Федора. Матюша благоговел перед ней, не смешивая это странное чувство с земным и понятным влечением к Марине.
– Дора на рынке работает под проценты, – безрадостно рассказывала Марина. – Дедушка перед смертью велел ей добиться, чтобы я выучилась и встала на ноги. Вот она и живет для меня. Весной где-то вызнала о студии Владимирского и наудачу отправила фотографии моих картин. Вячеслав Николаевич одобрил. Мы пустили в наш дом знакомых на лето и поехали.
Ближе сестры у Марины никого не было. Она еще не успела родиться, когда отец ушел из семьи. Жил с новой семьей на окраине города, растил двух мальчишек – пасынка и своего, работал художником в кинотеатре и страдал запоями. Четырехлетняя дочь познакомилась с отцом в день материных похорон. Нетрезвый мужчина, подойдя к гробу, окинул покойницу тяжким взглядом и вдруг повернулся к девочке. Присел перед ней на колени, заплакал и сказал: «Марина, я твой папа». Она удивилась, обрадовалась, а он обнял ее и прошептал на ушко: «Скоро я заберу тебя отсюда, будем жить вместе. У тебя есть папа и брат, запомни…» Девочка ничего не успела ответить, дедушка крикнул папе: «Уходи!»

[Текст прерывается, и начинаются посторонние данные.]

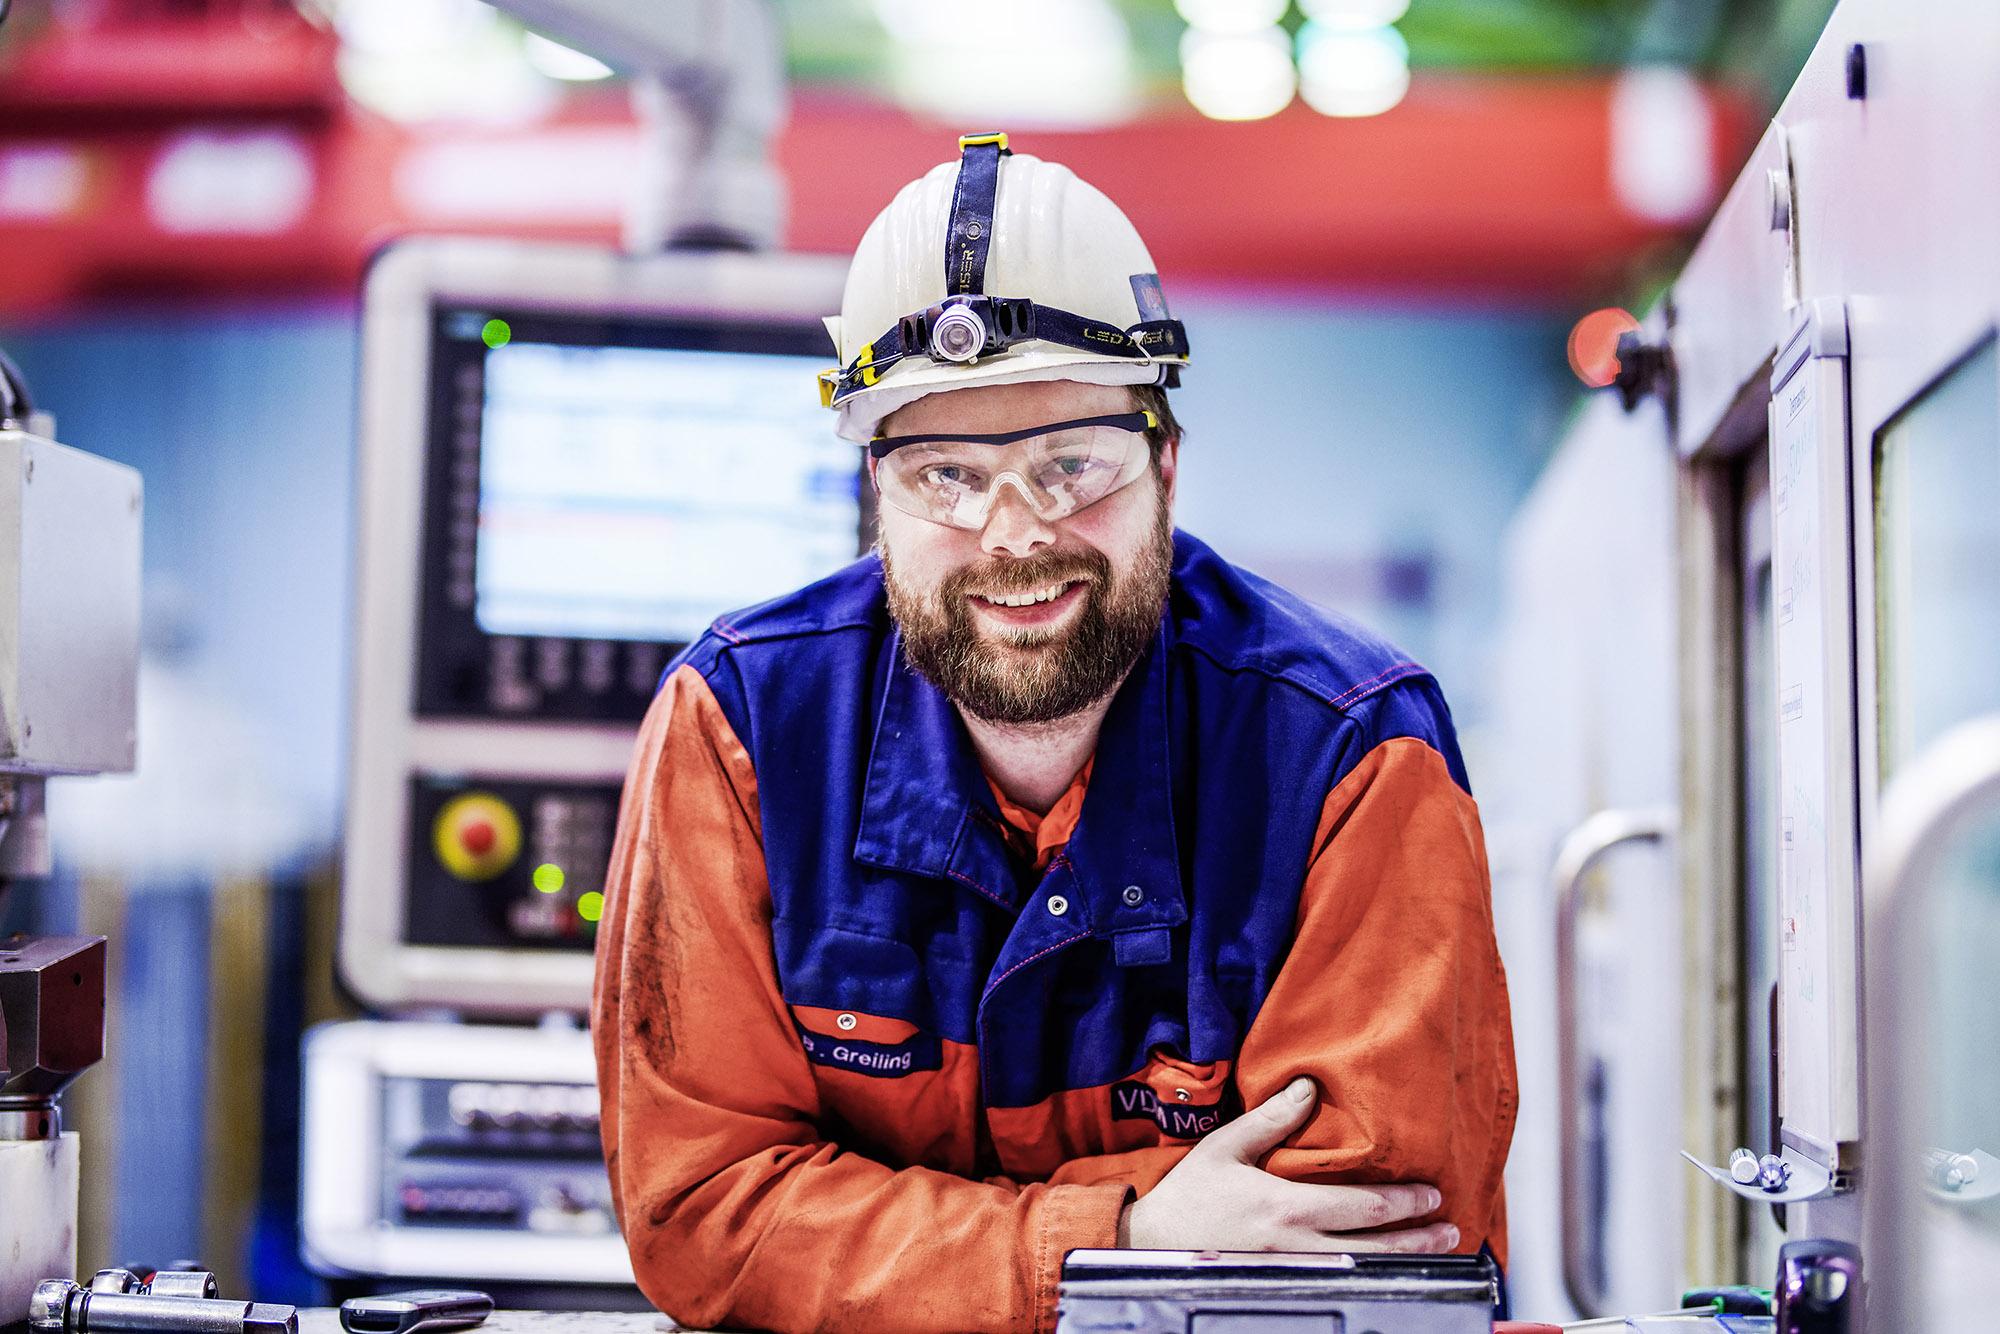 wolfram-schroll_industriefotograf_m19_021

Эта картина – спящая в красном ящике женщина с голубоватым лицом, не похожая на маму, мужчина в неряшливой одежде, непривычная злость на лице дедушки – запечатлелась в детской памяти очень отчетливо. Так же отчетливо, как поход на кладбище.
По окончании восьми классов старшая сестра начала работать на рынке. Дед занедужил и часто лежал в больнице. Федора отдыхала в понедельник, и в выходные дни Марина, свободная от садика, сидела дома одна. Плакала. Стала проситься к папе и брату. Тогда-то он и возник, ее воображаемый брат.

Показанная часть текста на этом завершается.